The Court finds that the application of the legal defense of judicial estoppel in this case is at least a mixed question of fact and law, which could control the outcome of the litigation. Because the application could, in theory, control the adjudication of the adversary proceeding, the Court will proceed to the next inquiry in the analysis: whether there is substantial ground for difference of opinion as to the applicability of this potentially controlling issue of law.

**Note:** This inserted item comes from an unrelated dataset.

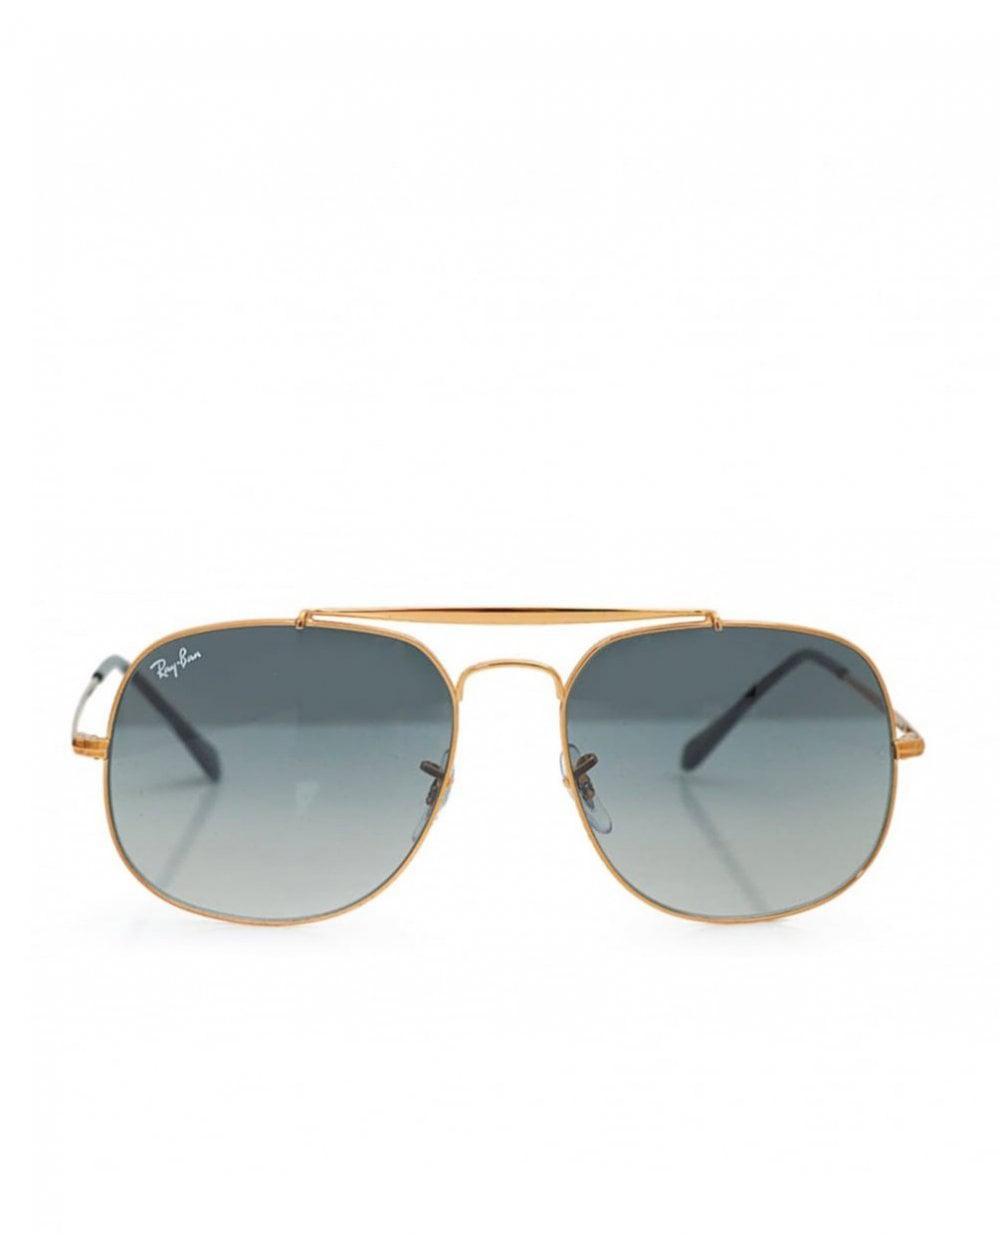 620500e37b Ray-Ban Double Bridge Sunglasses for Men - Lyst

b. Substantial Ground for Difference of Opinion

Appellants' central argument in support of their appeal is that the bankruptcy court misapplied the applicable law within the First Circuit governing judicial estoppel and, because there are differences within the circuits regarding judicial estoppel, they claim that immediate appellate review of this pivotal question has implications far beyond this case. Motion at 11-12. The Court of Appeals for the First Circuit has defined a substantial ground for difference of opinion as the rare case "'where the proposed intermediate appeal presents one or more difficult and pivotal questions of law not settled by controlling authority.'" In re Bank of New England Corp., 218 B.R. at 653 (quoting McGillicuddy, 746 F. 2d at 76 n.1). The court, in In re Bank of New England Corp., stated that the fact that there is "room for . . . garden variety legal argument" does not amount to substantial ground for difference of opinion. Id. at 653.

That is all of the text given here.